> What to do: The exercise calls for exact output of the lines between the one that contains "Development Site Land For Sale - Image 4" and the end of the data, with both ends kept and pictures left out.

Provided data section start

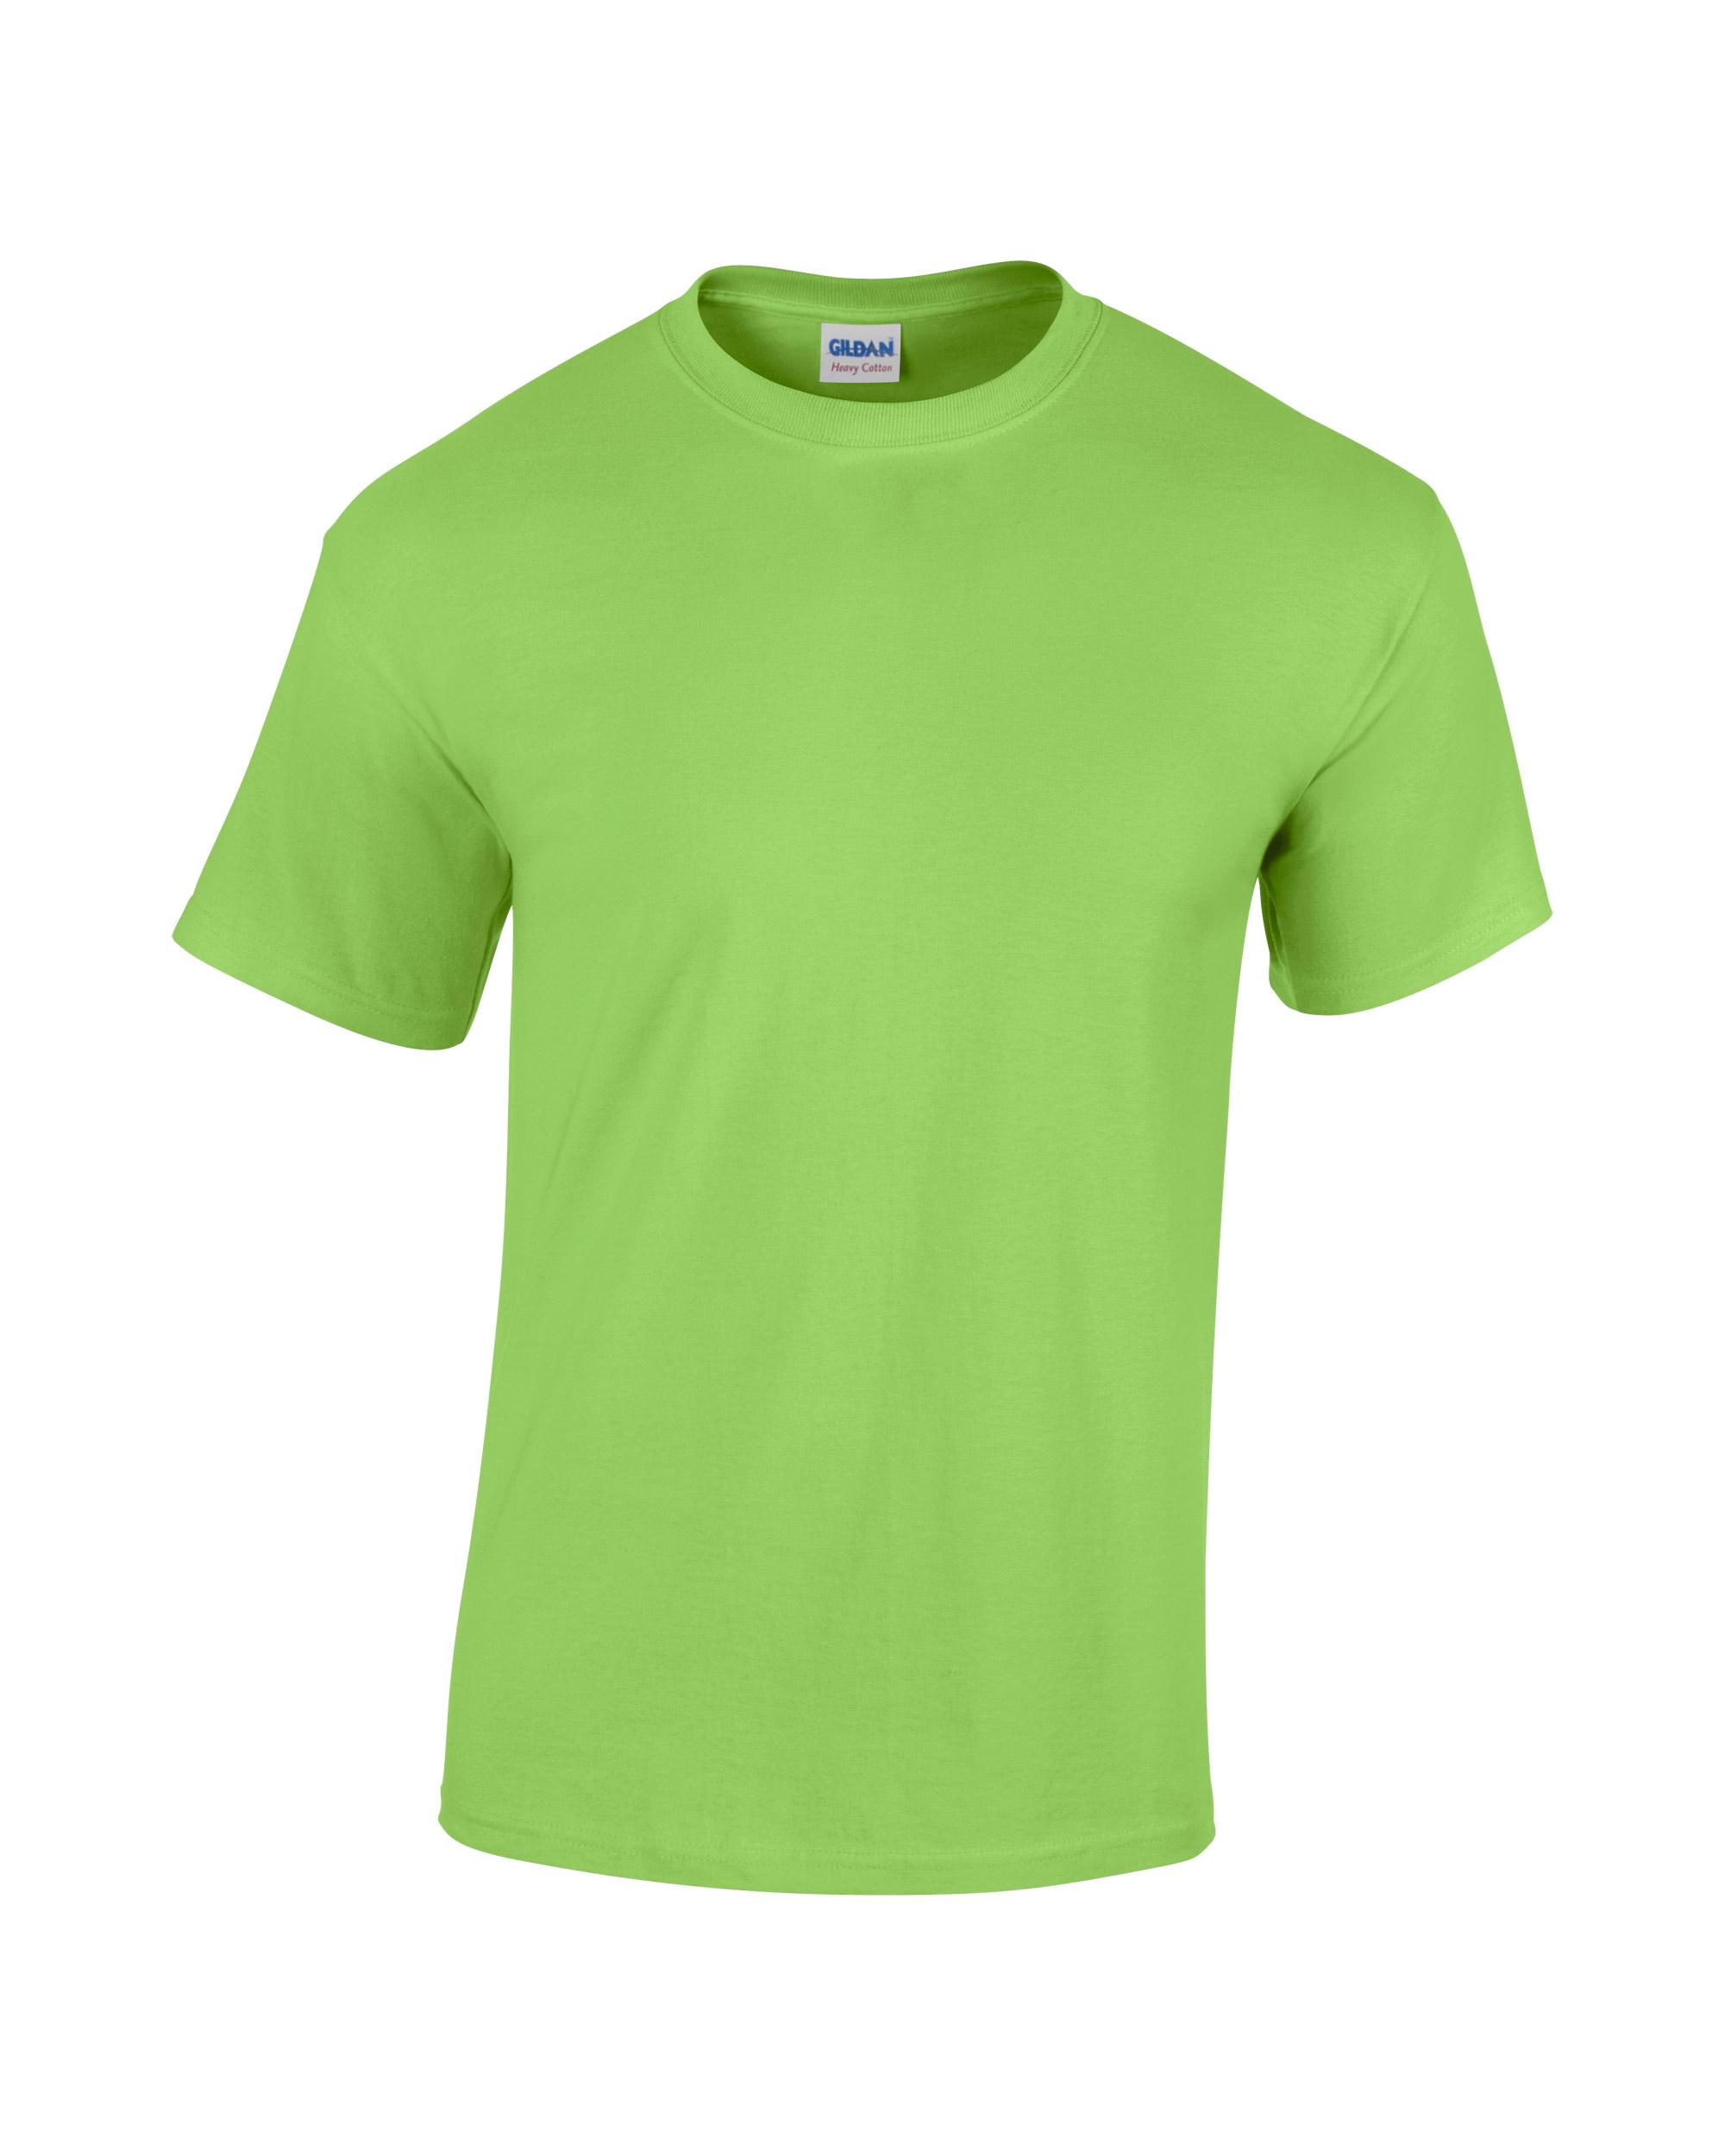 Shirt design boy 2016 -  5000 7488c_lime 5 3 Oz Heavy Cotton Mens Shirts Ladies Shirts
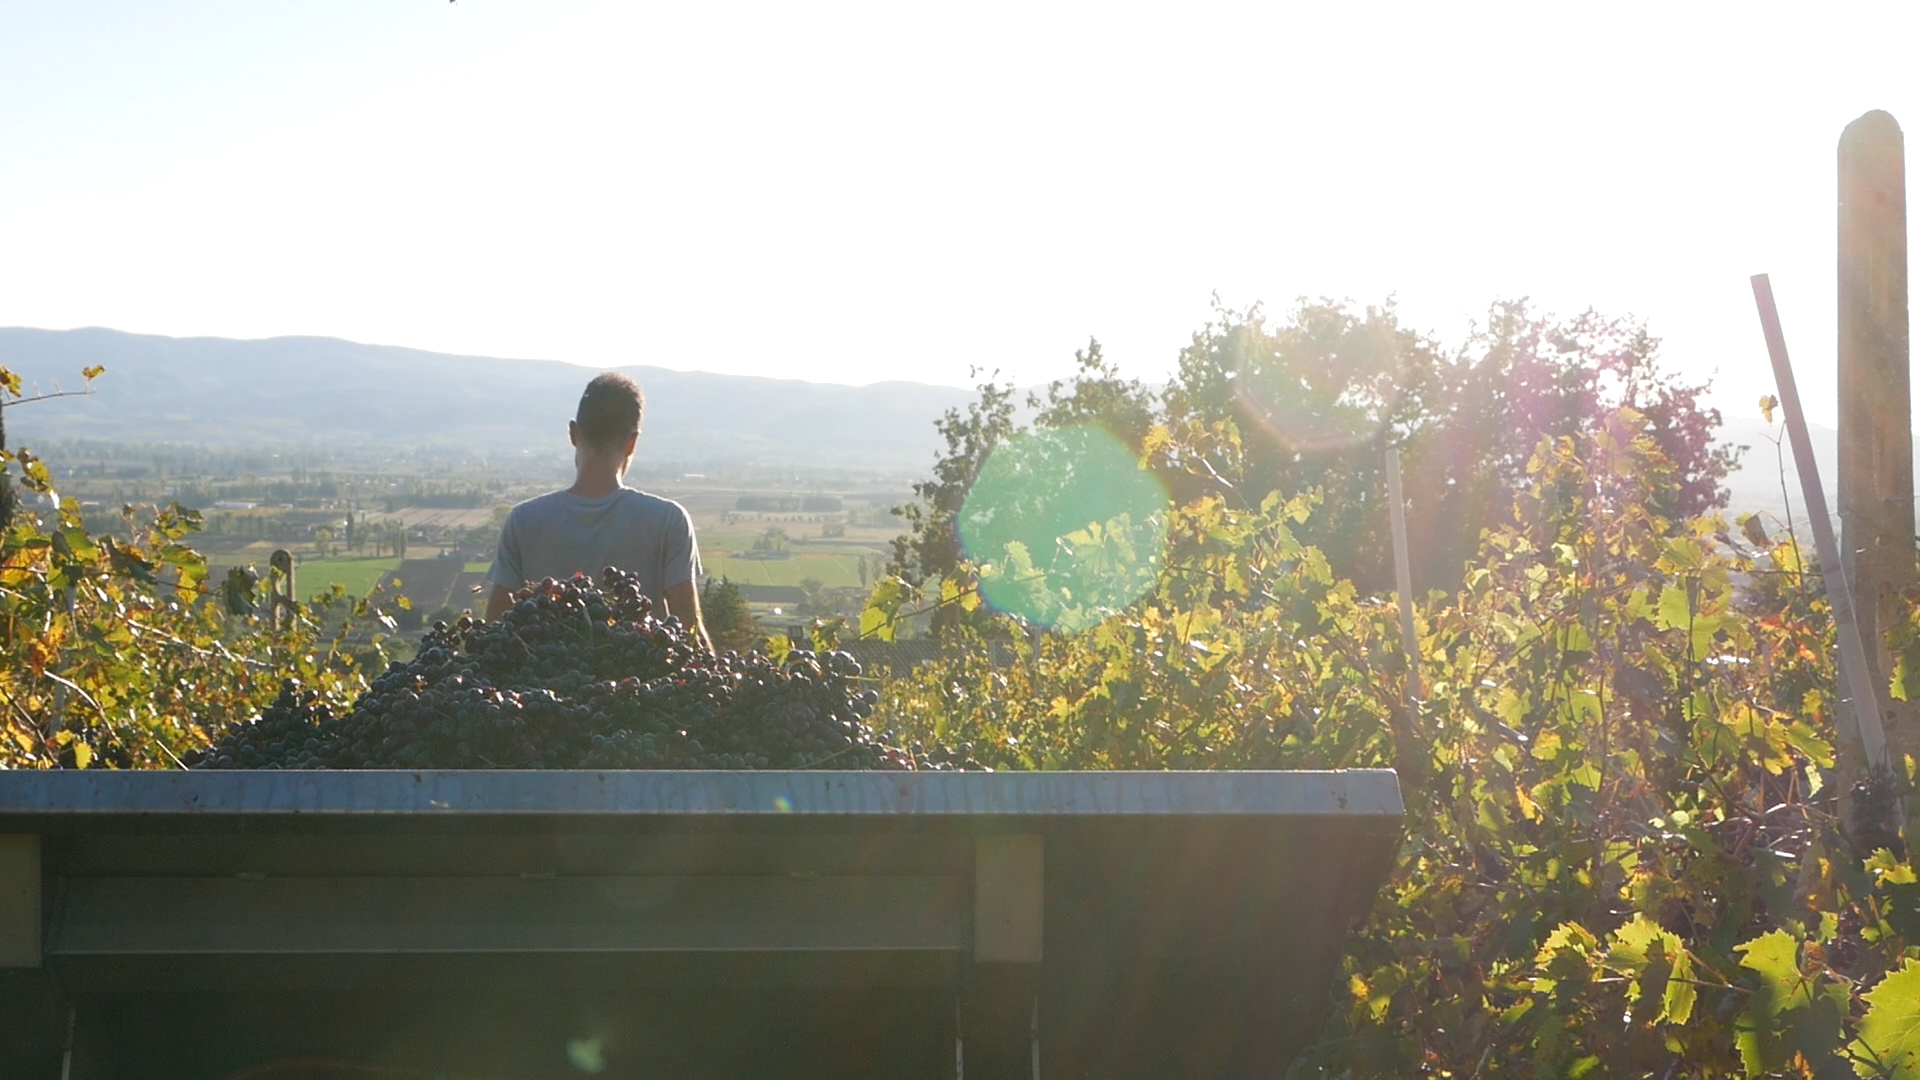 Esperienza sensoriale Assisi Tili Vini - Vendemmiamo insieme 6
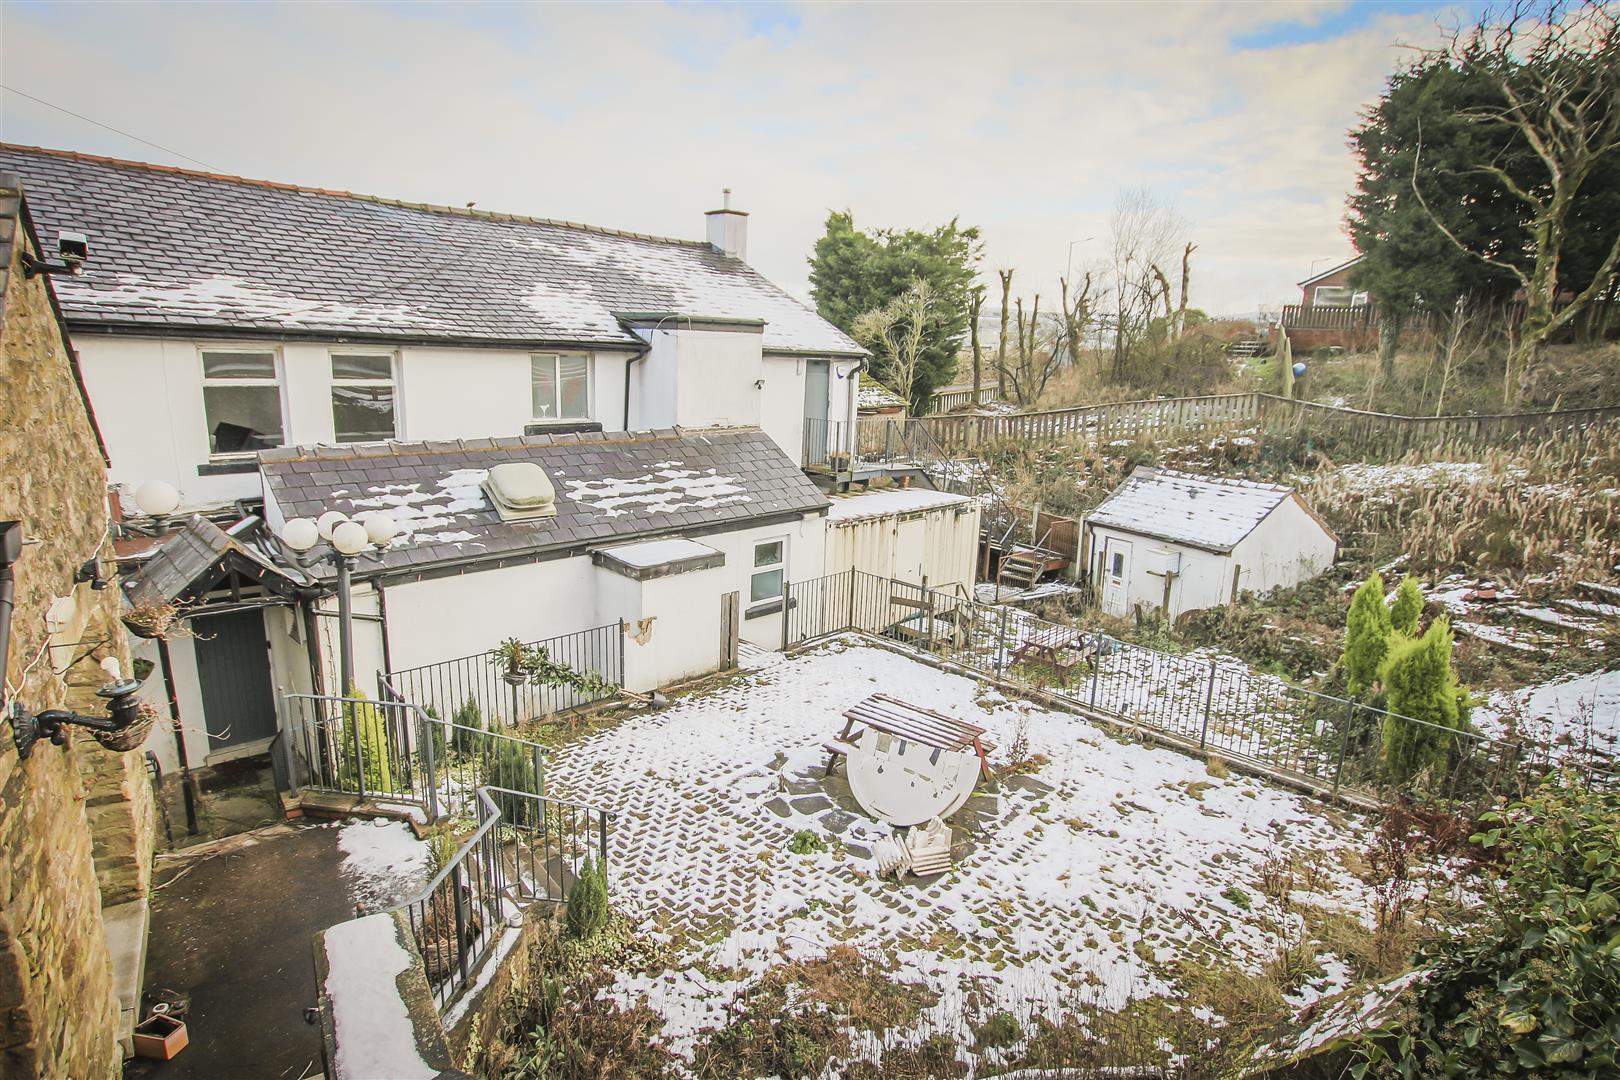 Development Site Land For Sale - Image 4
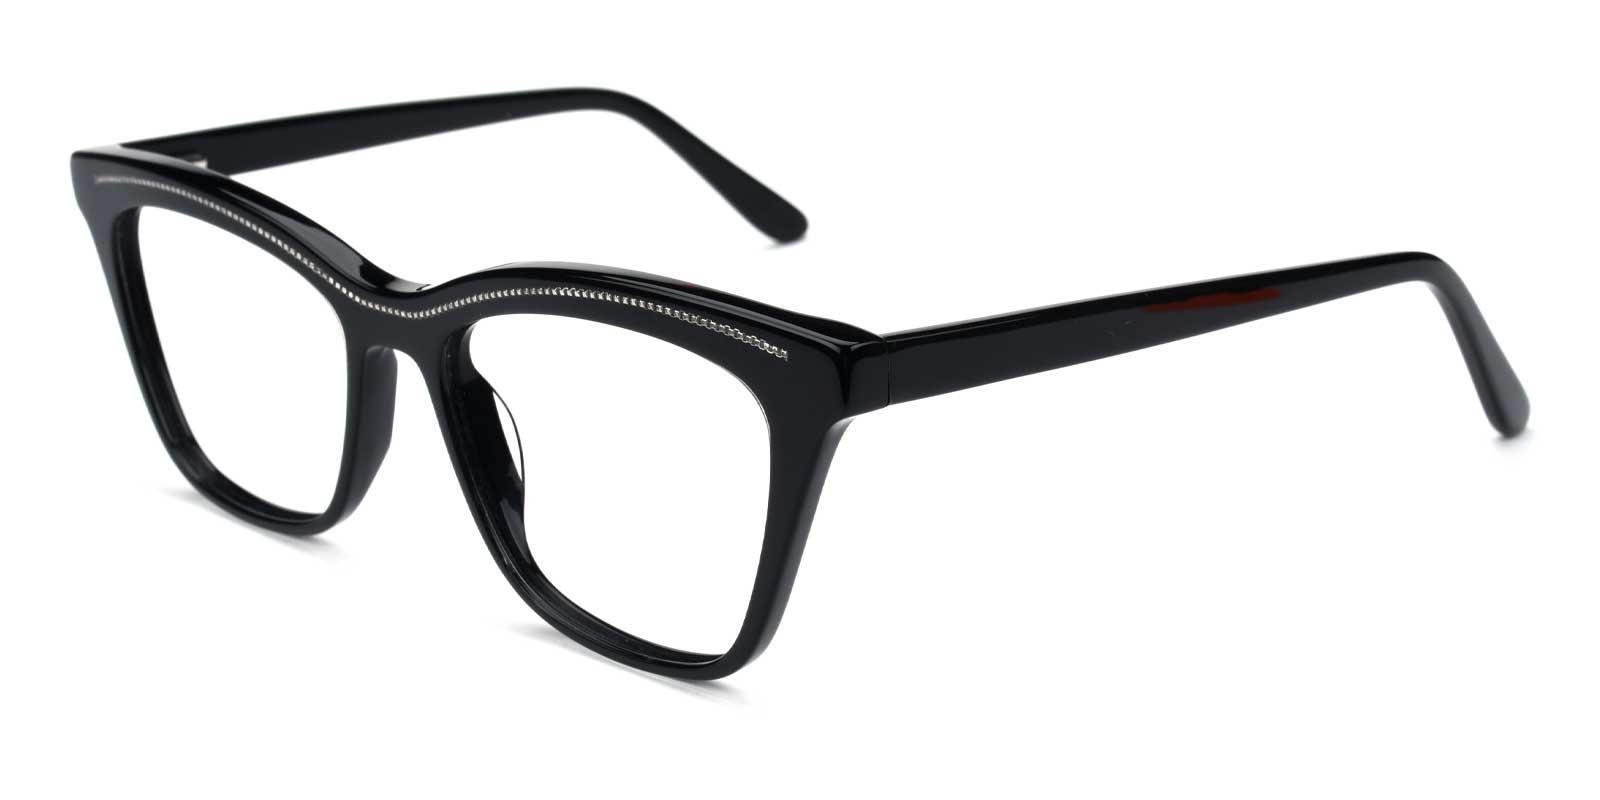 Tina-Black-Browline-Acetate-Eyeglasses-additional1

Provided data section end

> Exercise output:
 Development Site Land For Sale - Image 4
 Tina-Black-Browline-Acetate-Eyeglasses-additional1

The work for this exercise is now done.